Evolutionary Optimization Algorithms
DOWNLOAD
Author : Dan Simon
language : en
Publisher: John Wiley & Sons
Release Date : 2013-06-13
Evolutionary Optimization Algorithms written by Dan Simon and has been published by John Wiley & Sons this book supported file pdf, txt, epub, kindle and other format this book has been release on 2013-06-13 with Mathematics categories.
A clear and lucid bottom-up approach to the basic principles of evolutionary algorithms Evolutionary algorithms (EAs) are a type of artificial intelligence. EAs are motivated by optimization processes that we observe in nature, such as natural selection, species migration, bird swarms, human culture, and ant colonies. This book discusses the theory, history, mathematics, and programming of evolutionary optimization algorithms. Featured algorithms include genetic algorithms, genetic programming, ant colony optimization, particle swarm optimization, differential evolution, biogeography-based optimization, and many others. Evolutionary Optimization Algorithms: Provides a straightforward, bottom-up approach that assists the reader in obtaining a clear but theoretically rigorous understanding of evolutionary algorithms, with an emphasis on implementation Gives a careful treatment of recently developed EAs including opposition-based learning, artificial fish swarms, bacterial foraging, and many others and discusses their similarities and differences from more well-established EAs Includes chapter-end problems plus a solutions manual available online for instructors Offers simple examples that provide the reader with an intuitive understanding of the theory Features source code for the examples available on the author's website Provides advanced mathematical techniques for analyzing EAs, including Markov modeling and dynamic system modeling Evolutionary Optimization Algorithms: Biologically Inspired and Population-Based Approaches to Computer Intelligence is an ideal text for advanced undergraduate students, graduate students, and professionals involved in engineering and computer science.
Intelligence Computation And Applications
DOWNLOAD
Author : Kangshun Li
language : en
Publisher: Springer Nature
Release Date : 2024-07-01
Intelligence Computation And Applications written by Kangshun Li and has been published by Springer Nature this book supported file pdf, txt, epub, kindle and other format this book has been release on 2024-07-01 with Computers categories.
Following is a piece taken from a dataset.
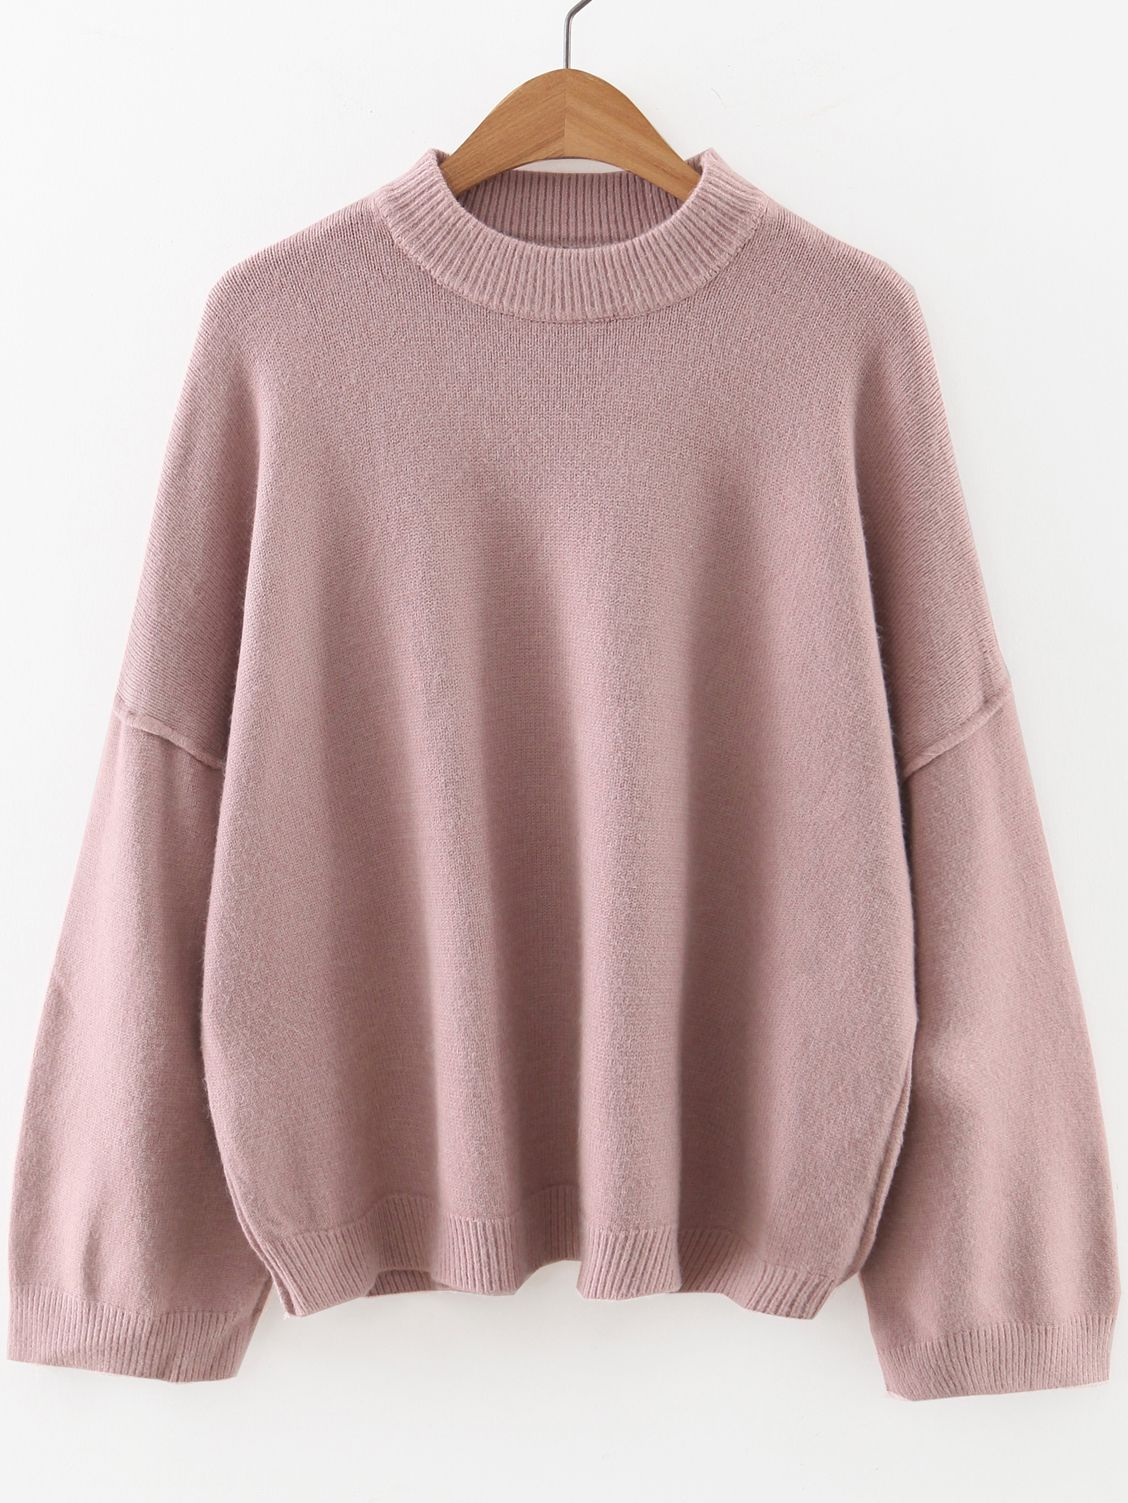 69e68ebb3 Shop Pink Crew Neck Drop Shoulder Sweater online. SheIn offers Pink ...
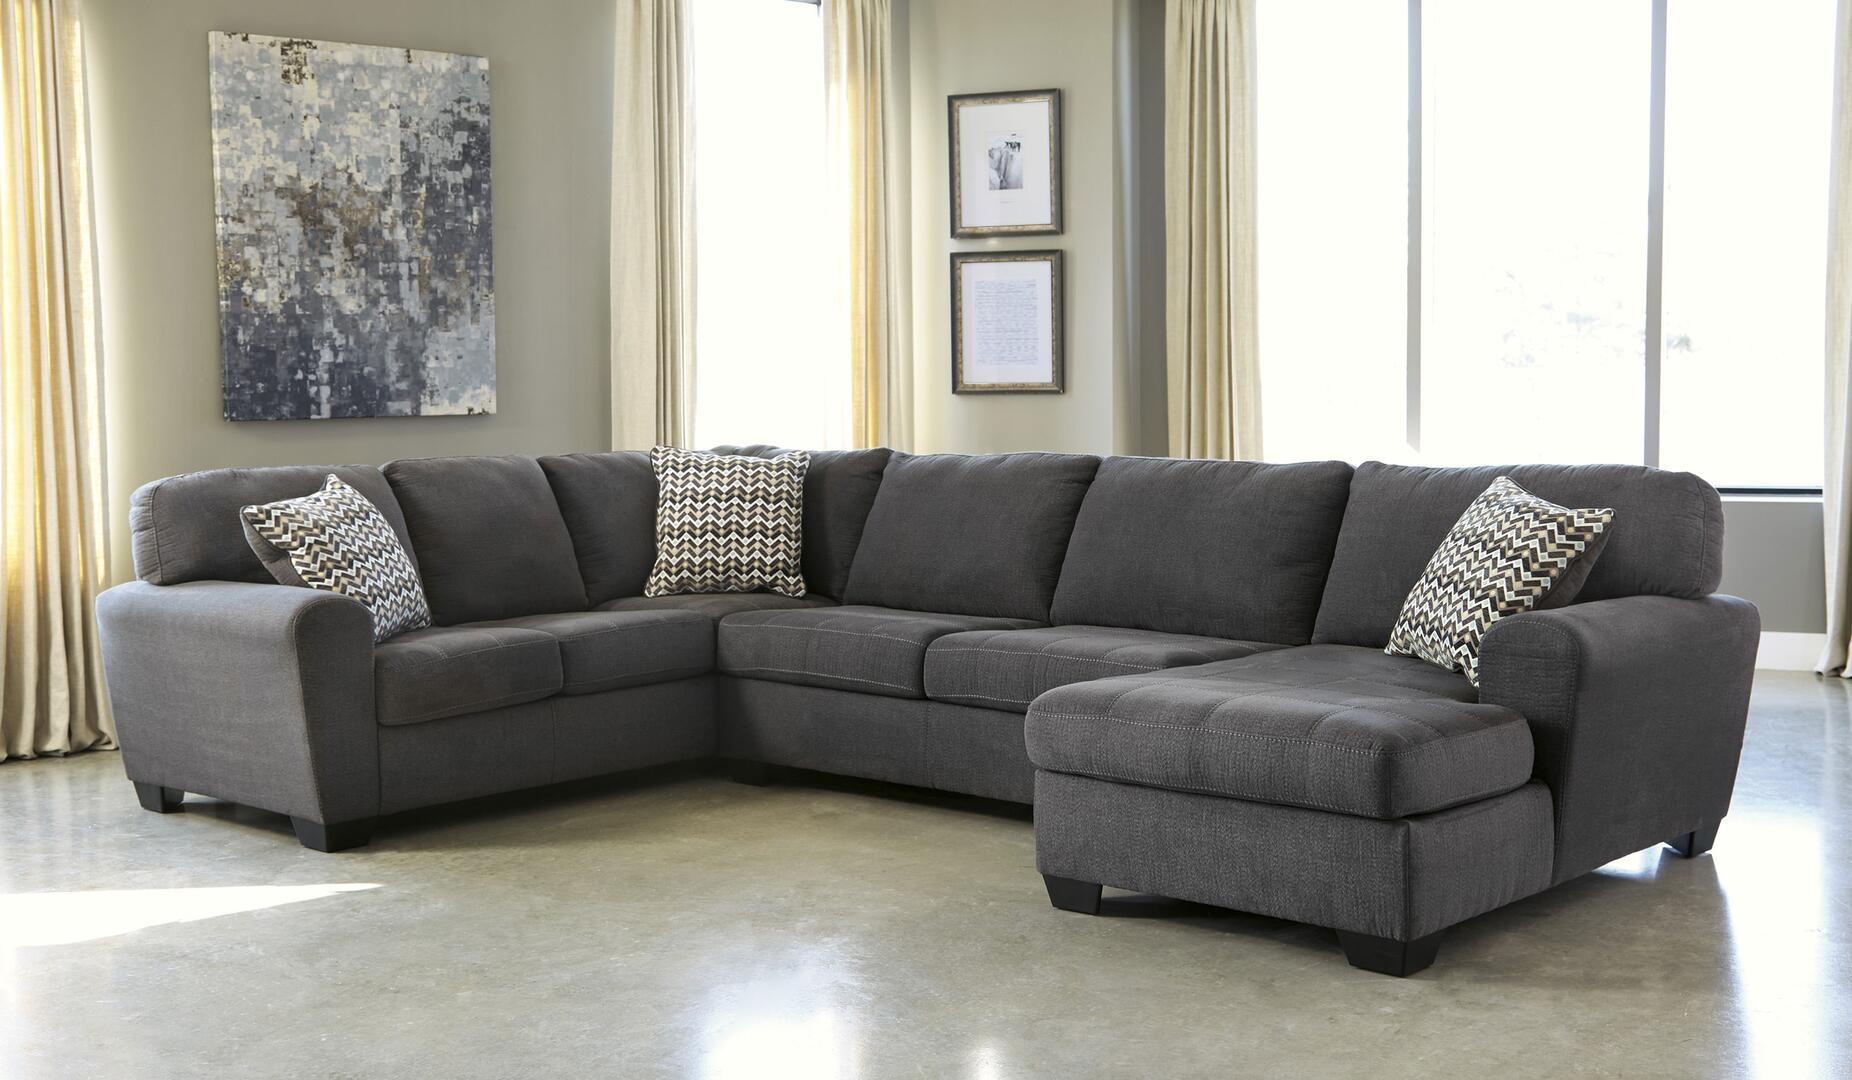 Benchcraft Sorenton Series Stationary Fabric Sofa

This two-volume set, CCIS 2146 and CCIS 2147, constitutes the refereed proceedings of the 14th International Symposium on Intelligence Computation and Applications, ISICA 2023, held in Guangzhou, China, during November 18–19, 2023. The 82 full papers included in these proceedings were carefully reviewed and selected from 178 submissions. The papers presented in these two volumes are organized in the following topical sections: Part I: Frontiers of evolutionary Intelligent Optimization Algorithms; Exploration of computer vision; Machine learning and its applications. Part II: Machine Learning and its applications; Big data analysis and Information security; Intelligent application of computer.